I woke up this morning to the news that my brother in-law’s father who was diagnosed with cancer a year ago, had passed away of a sudden heart complication, only to find out an hour later that he is not yet dead. Although in a coma, he is still exhibiting vital signs. I see deep mystery present in every day. That is the life I lead. A life in which profound energy moves through my body when I am in meditation, and I, way too frequently sense the thoughts and emotions of souls that are near death, near birth and near the threshold in between. The far out part of it all is that leaving the university freaks me out but THIS does not. I am at home, traveling through other dimensions and seeking ways to help heal others. At the risk of sounding like Yogi Berra, it all started at the beginning.

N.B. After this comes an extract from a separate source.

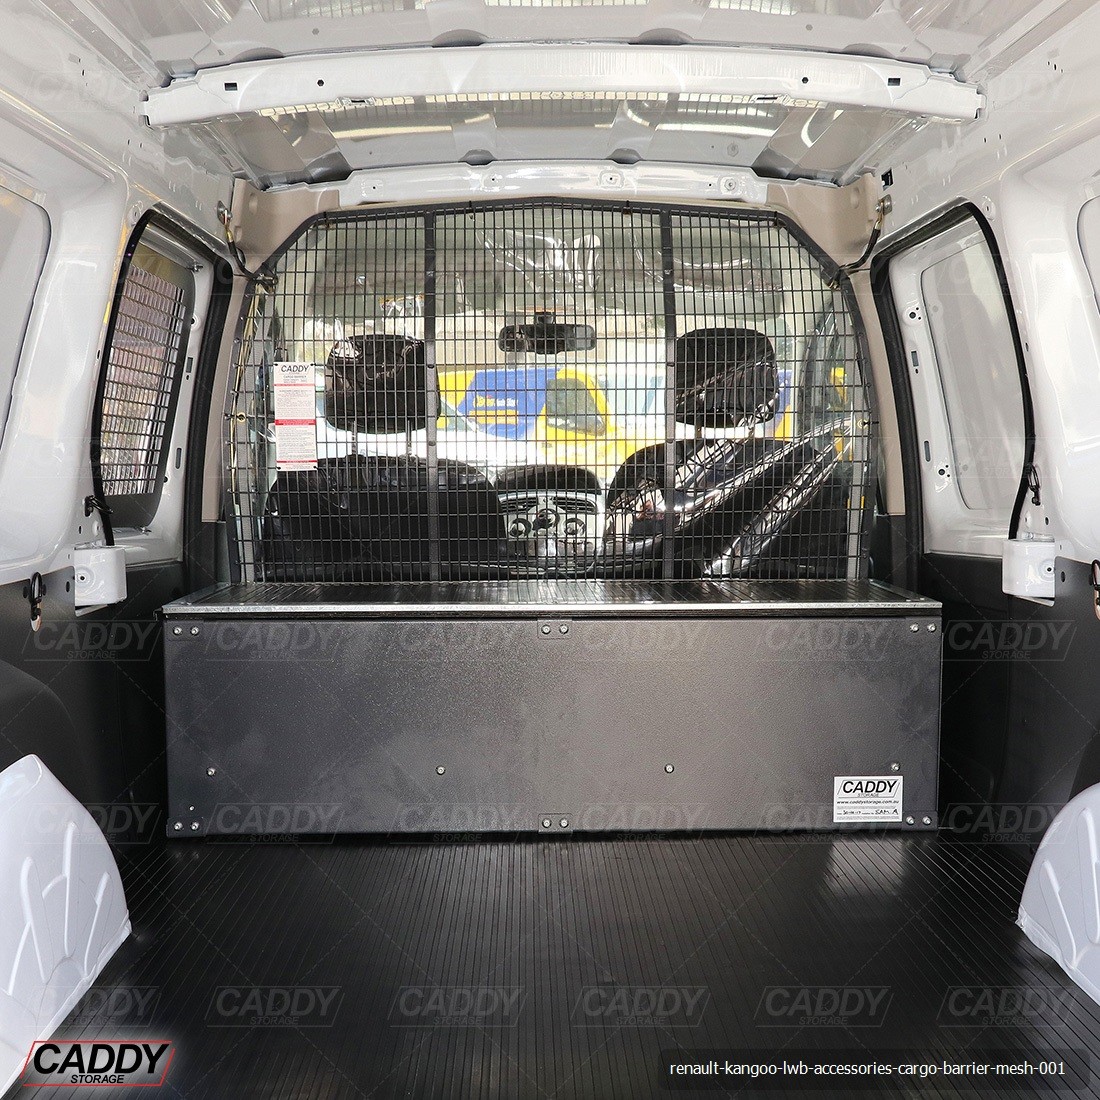 Renault / LWB Front Mesh Cargo - Caddy Storage Systems

I have always had a sense of reverence for the unseen. I knew from my early days that if all we did was focus on what we can see, hear, touch, feel or taste that we would miss many magic moments in our lives. These moments reveal extraordinary purpose but are so easily dismissed by our rational mind. As a child, I loved to read about the Catholic saints, the Indian yogis, stories of past lives, time travel, and prophecy. This was way more interesting to me than math or any of the physical sciences. This passion for the deep mysteries of life has never left me and I am not allowed to leave it. I have witnessed an evolution in my experience of the unseen. What I am about to reveal to you may make you uncomfortable and it may even force you to question my sanity. That’s okay. It’s time to let it all hang out. If I am going to quit my job and start living in public the life my family and I have lived in private, then keeping this information from you makes no sense to me. My first book is not about my metaphysical experiences. It is about the transformative moment in the lives of influential characters both historical and contemporary. However, my moment only makes sense within the context and recognition of my own extraordinary experiences.
It began as a feeling that there were others in the room when I was alone, to seeing and communicating with spirits in my room. I would be kept awake and be drawn to my sacred space for hours in the middle of the night. Like, John Edward from Crossing Over, my meditation of choice was the Rosary. The Rosary became a doorway to extrasensory communication and the information that would be revealed was always for the healing of the mind, body and spirit. This call to prayer takes me over and does not let me rest until I am clear on the information that is to be revealed. My higher self counsels those that are crossing over either from this physical plane to the next, confused spirits holding on to guilt or souls questioning whether this is the right time to incarnate. In time, I will reveal more details but until then, please stay open to mystery. Listen to your heart and try not to judge the information you receive as possible or impossible. Just sit with it. Trust that you are being guided by forces that are all too safe. These forces are teaching us all. It is all possible. Feel free to remind me of this if I have a freak out episode on my way to Resignation Day.